Your objective
Find the line with "Close-up of an" in the listing below. Write it out exactly, along with every later line up to the final one.

Segment Start: Material for this exercise

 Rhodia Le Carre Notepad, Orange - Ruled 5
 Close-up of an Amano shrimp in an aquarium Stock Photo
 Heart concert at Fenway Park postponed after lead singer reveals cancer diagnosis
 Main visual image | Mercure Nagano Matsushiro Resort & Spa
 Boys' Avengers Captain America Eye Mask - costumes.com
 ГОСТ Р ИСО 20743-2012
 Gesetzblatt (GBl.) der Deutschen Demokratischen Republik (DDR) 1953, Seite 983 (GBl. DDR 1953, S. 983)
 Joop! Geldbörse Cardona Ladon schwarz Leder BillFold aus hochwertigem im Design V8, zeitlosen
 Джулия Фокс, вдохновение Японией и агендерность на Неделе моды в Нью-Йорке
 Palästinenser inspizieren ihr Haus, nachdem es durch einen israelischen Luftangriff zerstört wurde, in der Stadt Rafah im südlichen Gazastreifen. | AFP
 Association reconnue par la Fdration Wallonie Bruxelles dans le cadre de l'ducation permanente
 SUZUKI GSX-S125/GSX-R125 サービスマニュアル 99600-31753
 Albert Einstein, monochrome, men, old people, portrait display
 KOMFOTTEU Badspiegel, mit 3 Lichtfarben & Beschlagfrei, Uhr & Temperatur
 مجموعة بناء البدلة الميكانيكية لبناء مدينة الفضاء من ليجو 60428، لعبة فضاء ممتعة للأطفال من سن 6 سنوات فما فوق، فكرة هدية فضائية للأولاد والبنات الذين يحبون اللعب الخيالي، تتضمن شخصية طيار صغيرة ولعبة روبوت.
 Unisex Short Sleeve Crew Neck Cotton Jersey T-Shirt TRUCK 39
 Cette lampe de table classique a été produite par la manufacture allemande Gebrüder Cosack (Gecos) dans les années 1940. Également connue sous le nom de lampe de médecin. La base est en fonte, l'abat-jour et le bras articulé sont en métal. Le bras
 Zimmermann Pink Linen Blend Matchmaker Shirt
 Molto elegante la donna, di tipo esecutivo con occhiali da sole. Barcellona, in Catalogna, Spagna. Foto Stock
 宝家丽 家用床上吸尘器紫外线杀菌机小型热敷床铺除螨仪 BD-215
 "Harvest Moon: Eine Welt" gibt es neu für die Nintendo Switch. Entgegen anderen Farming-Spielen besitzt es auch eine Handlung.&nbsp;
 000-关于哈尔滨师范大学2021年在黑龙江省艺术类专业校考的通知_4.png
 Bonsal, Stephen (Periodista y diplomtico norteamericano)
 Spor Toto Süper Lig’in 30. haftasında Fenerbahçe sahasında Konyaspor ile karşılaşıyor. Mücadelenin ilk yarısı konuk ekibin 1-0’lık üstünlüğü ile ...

Segment End: Material for this exercise

Your response
 Close-up of an Amano shrimp in an aquarium Stock Photo
 Heart concert at Fenway Park postponed after lead singer reveals cancer diagnosis
 Main visual image | Mercure Nagano Matsushiro Resort & Spa
 Boys' Avengers Captain America Eye Mask - costumes.com
 ГОСТ Р ИСО 20743-2012
 Gesetzblatt (GBl.) der Deutschen Demokratischen Republik (DDR) 1953, Seite 983 (GBl. DDR 1953, S. 983)
 Joop! Geldbörse Cardona Ladon schwarz Leder BillFold aus hochwertigem im Design V8, zeitlosen
 Джулия Фокс, вдохновение Японией и агендерность на Неделе моды в Нью-Йорке
 Palästinenser inspizieren ihr Haus, nachdem es durch einen israelischen Luftangriff zerstört wurde, in der Stadt Rafah im südlichen Gazastreifen. | AFP
 Association reconnue par la Fdration Wallonie Bruxelles dans le cadre de l'ducation permanente
 SUZUKI GSX-S125/GSX-R125 サービスマニュアル 99600-31753
 Albert Einstein, monochrome, men, old people, portrait display
 KOMFOTTEU Badspiegel, mit 3 Lichtfarben & Beschlagfrei, Uhr & Temperatur
 مجموعة بناء البدلة الميكانيكية لبناء مدينة الفضاء من ليجو 60428، لعبة فضاء ممتعة للأطفال من سن 6 سنوات فما فوق، فكرة هدية فضائية للأولاد والبنات الذين يحبون اللعب الخيالي، تتضمن شخصية طيار صغيرة ولعبة روبوت.
 Unisex Short Sleeve Crew Neck Cotton Jersey T-Shirt TRUCK 39
 Cette lampe de table classique a été produite par la manufacture allemande Gebrüder Cosack (Gecos) dans les années 1940. Également connue sous le nom de lampe de médecin. La base est en fonte, l'abat-jour et le bras articulé sont en métal. Le bras
 Zimmermann Pink Linen Blend Matchmaker Shirt
 Molto elegante la donna, di tipo esecutivo con occhiali da sole. Barcellona, in Catalogna, Spagna. Foto Stock
 宝家丽 家用床上吸尘器紫外线杀菌机小型热敷床铺除螨仪 BD-215
 "Harvest Moon: Eine Welt" gibt es neu für die Nintendo Switch. Entgegen anderen Farming-Spielen besitzt es auch eine Handlung.&nbsp;
 000-关于哈尔滨师范大学2021年在黑龙江省艺术类专业校考的通知_4.png
 Bonsal, Stephen (Periodista y diplomtico norteamericano)
 Spor Toto Süper Lig’in 30. haftasında Fenerbahçe sahasında Konyaspor ile karşılaşıyor. Mücadelenin ilk yarısı konuk ekibin 1-0’lık üstünlüğü ile ...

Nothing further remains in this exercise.